[Dataset excerpt Boundary: Start]
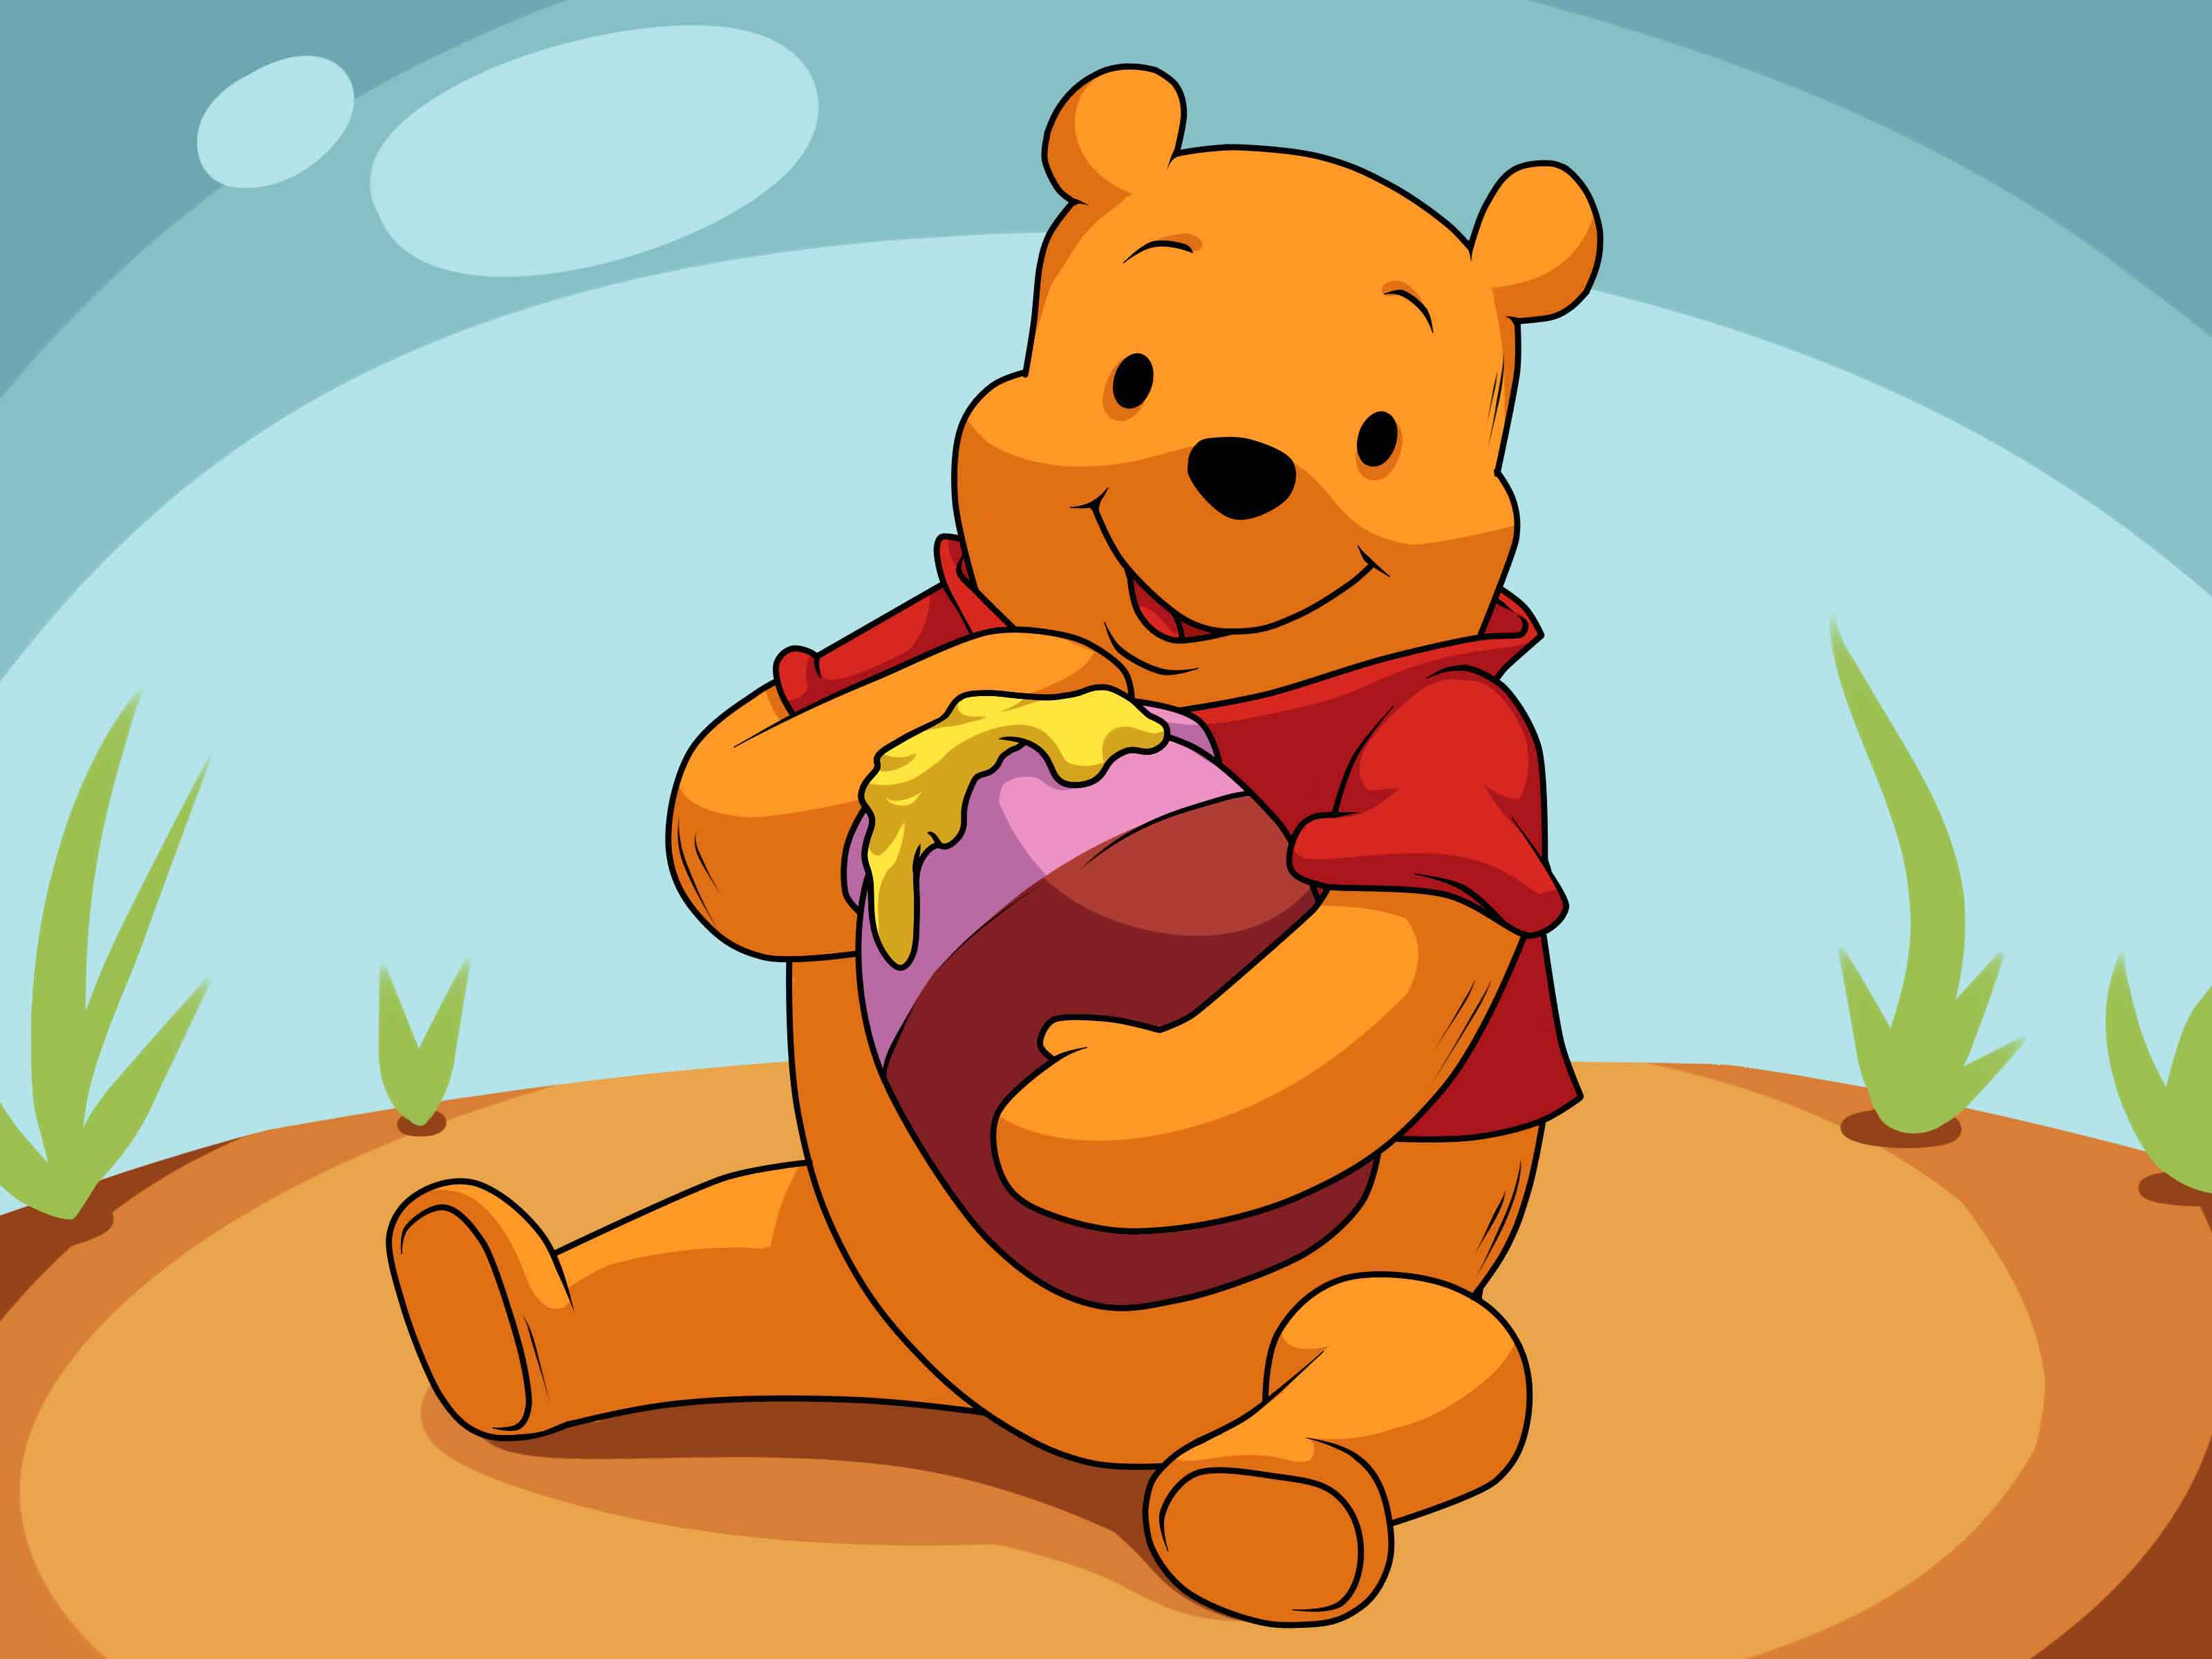 Winnie the Pooh itu laki-laki atau perempuan?
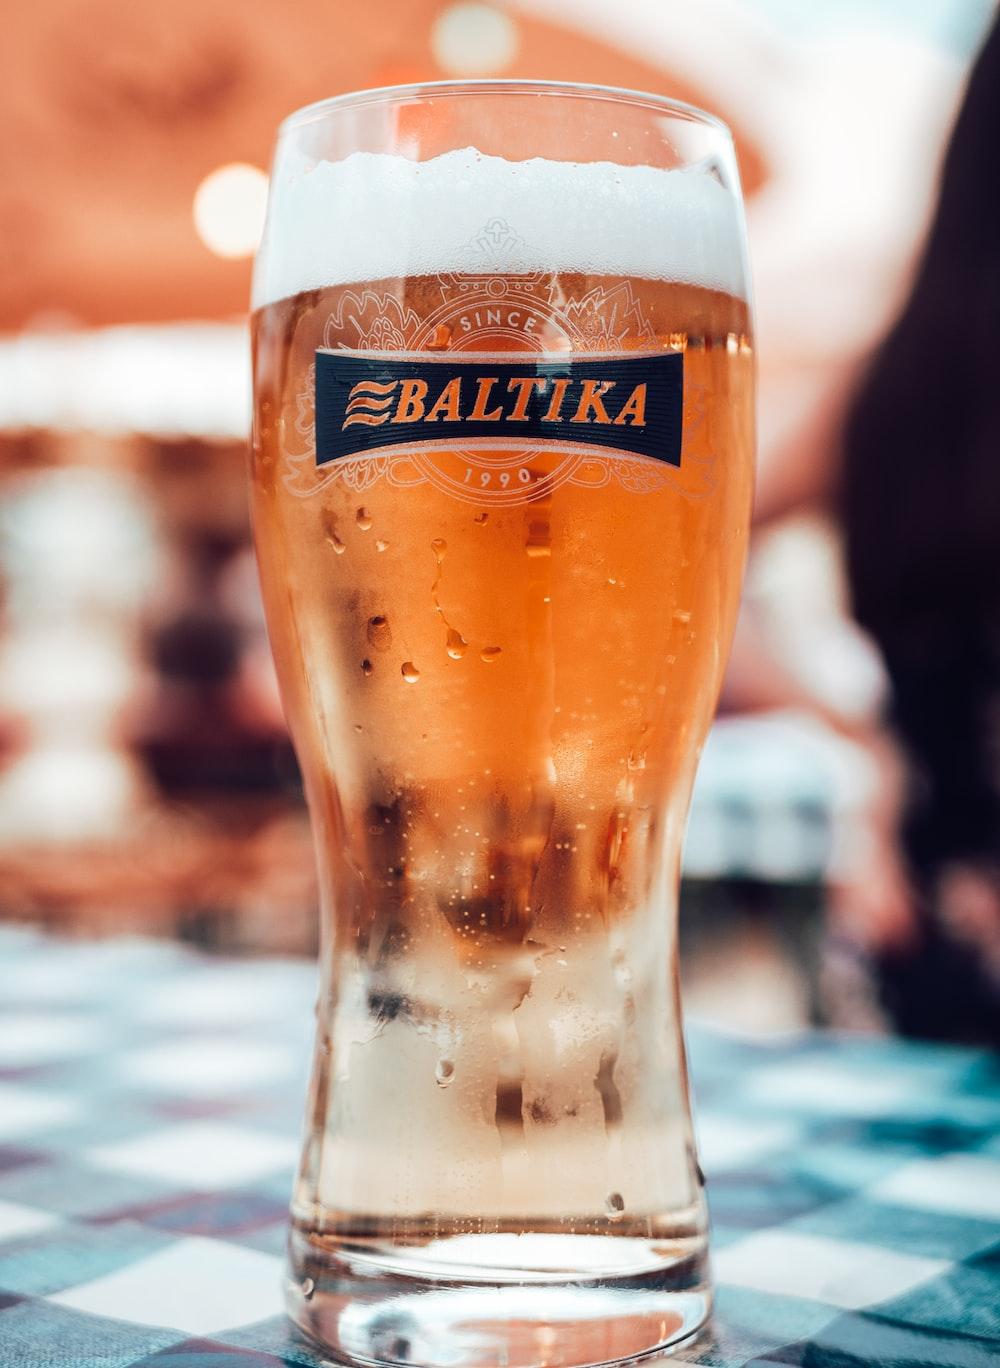 Baltika drinking glass photo
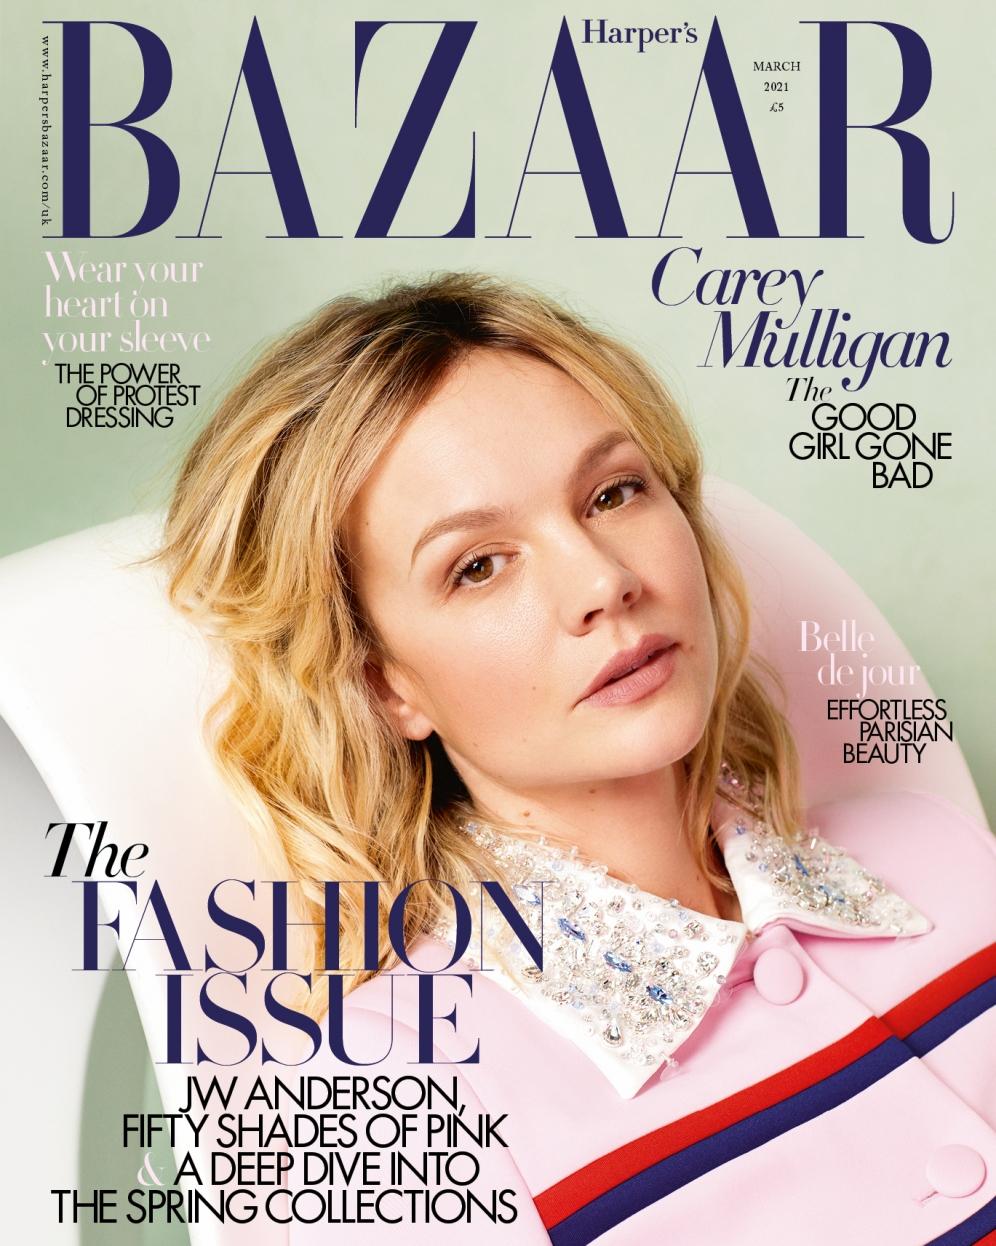 Carey Mulligan | Harpers Bazaar
[Dataset excerpt Boundary: End]
**Action item:**
An exact copy of every line above is needed, without the images.

**Answer space:**
 Winnie the Pooh itu laki-laki atau perempuan?
 Baltika drinking glass photo
 Carey Mulligan | Harpers Bazaar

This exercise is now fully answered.